WIP

sbernauer · sbernauer · commit 4d5de777b00f · 2023-09-21T10:32:38.000+02:00
diff --git a/modules/contributor/pages/adr/ADR030-reduce-pod-disruptions.adoc b/modules/contributor/pages/adr/ADR030-reduce-pod-disruptions.adoc
@@ -14,7 +14,23 @@ Downtime of products is always bad.
 Kubernetes has a a concepts called https://kubernetes.io/docs/tasks/run-application/configure-pdb/[PodDisruptionBudget] (PDB) to prevent this.
 We want to use this functionary to try to reduce the downtime to an absolute minimum.
 
-*Requirements:*
+== Decision Drivers
+
+* Ease of use and comprehensibility for the user
+** Principle of least surprise
+* Easy implementation (far less important)

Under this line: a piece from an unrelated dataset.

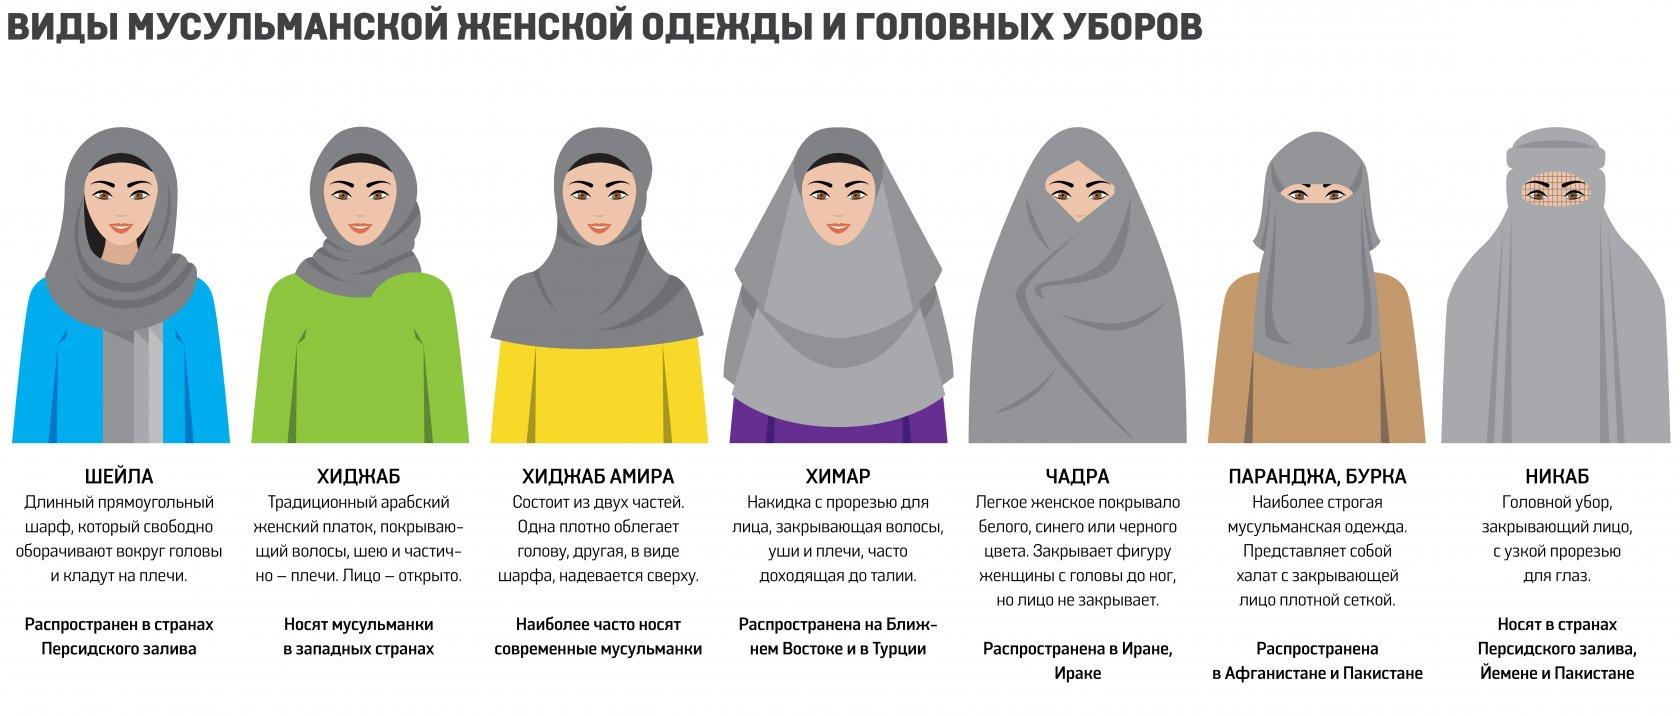 Почему по исламу нельзя рисовать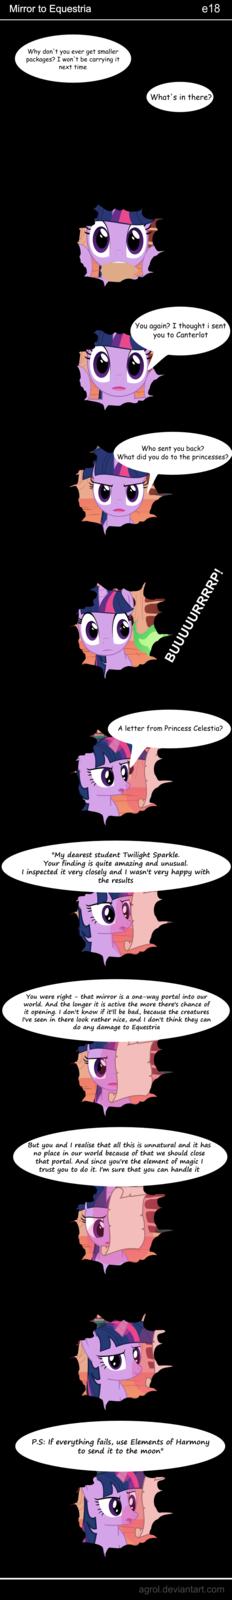 Mirror to Equestria 18

+* Extendable design, so that we can later non-breaking add new functionality, such as giving the chance to configure PDBs on roleGroup level as well.
+
+== Example use-cases
+
+1. As a user I want an HDFS and it (or parts) should not be disturbed by planned pod evictions.
+2. As a user I want to configure maxUnavailable on the role (e.g. datanode) across all rolegroups (e.g. dfs replicas 3 and only a single datanode is allowed to go down - regardless of the number of rolegroups), so that no datanode is a single point of failure.
+3. As a user I want to configure maxUnavailable on the rolegroups individually, as I e.g. have some fast datanodes using SSDs and some slow datanodes using HDDs. I want to have always X number of fast datanodes online for performance reasons.
+4. As a user I want a Superset/NiFi/Kafka and they (or parts) should not be disturbed by planned pod evictions.
+
+Most of the users probably either don't know what PDBs are or are fine with the default values our operators deploy based upon our knowledge of the products.
+
+== Requirements
 
 1. We must deploy a PDB alongside all the product StatefulSets (and Deployments in the future) to restrict pod disruptions.
 2. Also users need the ability to override the numbers we default to, as they need to make a tradeoff between availability and rollout times e.g. in rolling redeployment. Context: I have operated Trino clusters that could take more than 6 hours to rolling redeploy, as the graceful shutdown of Trino workers takes a considerable amount of time - depended on the queries getting executed.
@@ -34,8 +50,19 @@ Because of the mentioned constraints we have the following implications:
 4. Users must be able to disable our PDB creation in the case they want to define their own, as otherwise the Pods would have multiple PDBs, which is not supported.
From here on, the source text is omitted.